12,837 posts, read 9,037,151 times
Reputation: 34899
Quote:
Originally Posted by jobaba View Post
Too many to count, but they've all been small mistakes, like mistakes on forms and calculation mistakes that have been caught before the project goes out the door.

With the amount of work that has to be done in timeframes at most corporate workplaces to try and maximize revenues it is IMPOSSIBLE not to make mistakes.
This. We've all heard the saying "If you don't have time to do it right, when will you find time to do it over?" haven't we? What I've discovered over the years is there is always time to do it over. Management wants things RIGHT NOW, regardless of quality. But once there panic for RIGHT NOW is satisfied, it goes on their desk to be ignored for a while and maybe never looked at again. If they do look at it, they may ask a specific question that you can then find the answer for when they ask.

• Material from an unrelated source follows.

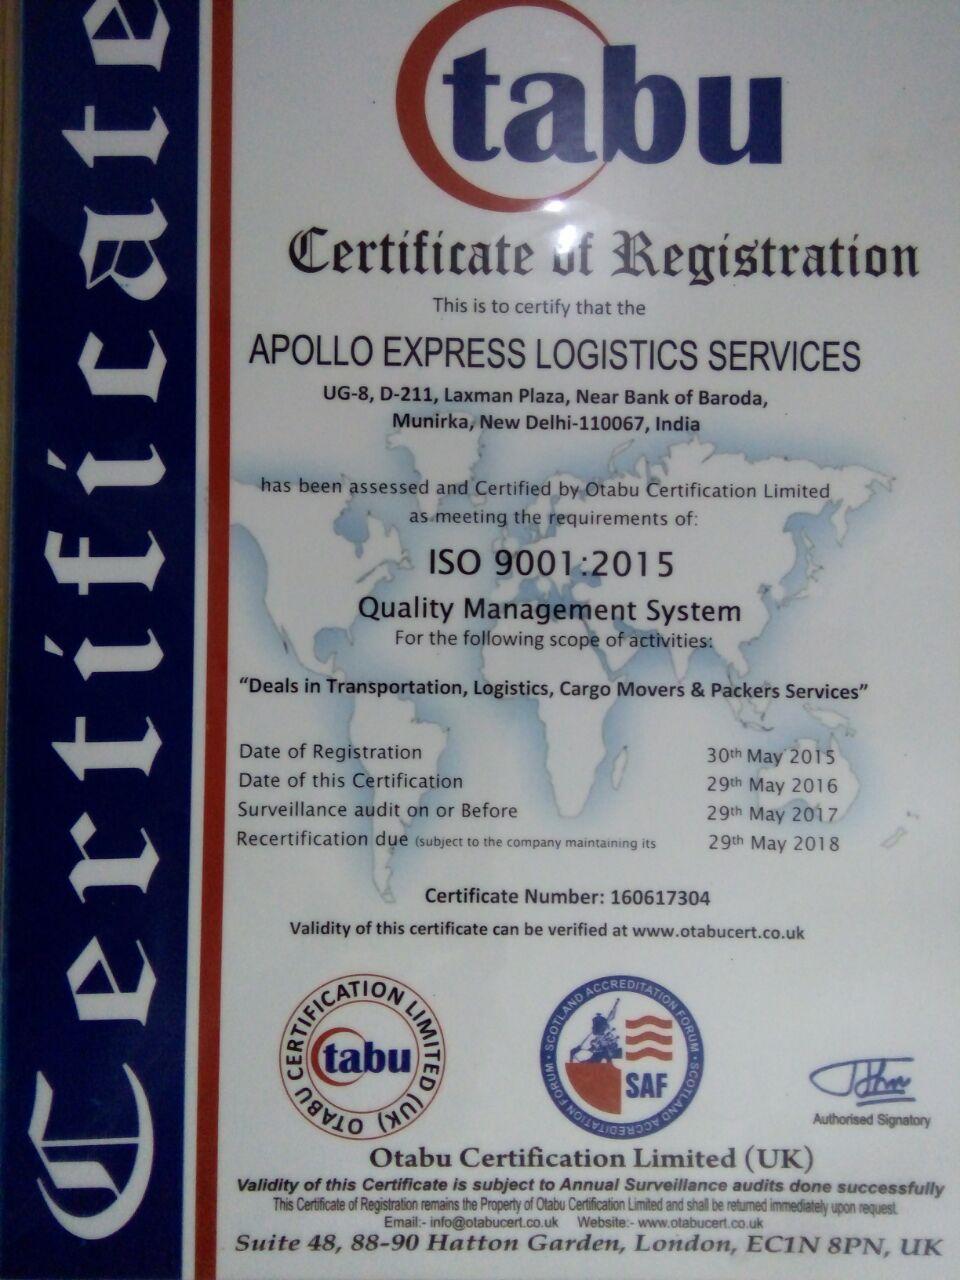 Apollo Express Logistics Services in Munirka, Delhi-110067

I and most of my coworkers (all scientists and engineers) had a very hard time adjusting to that mindset. We like to do things right. Which also means a lot of answers are approximations, based on the amount of time to answer the question. Management on the other hand sees answers as perfect and concrete. Our answer to some question may be "10 plus/minus 2," given the amount of analysis that went in. Management hears 10 and then has a hissy fit when the real answer comes in 10.09. I've learned that since they are going to have the same reaction no matter what I say, I just give them a quick answer and then adjust later if they ask. It's easier to listen to one hissy fit rather than two or three about why it's taking so long to get an answer and they still won't like it anyway.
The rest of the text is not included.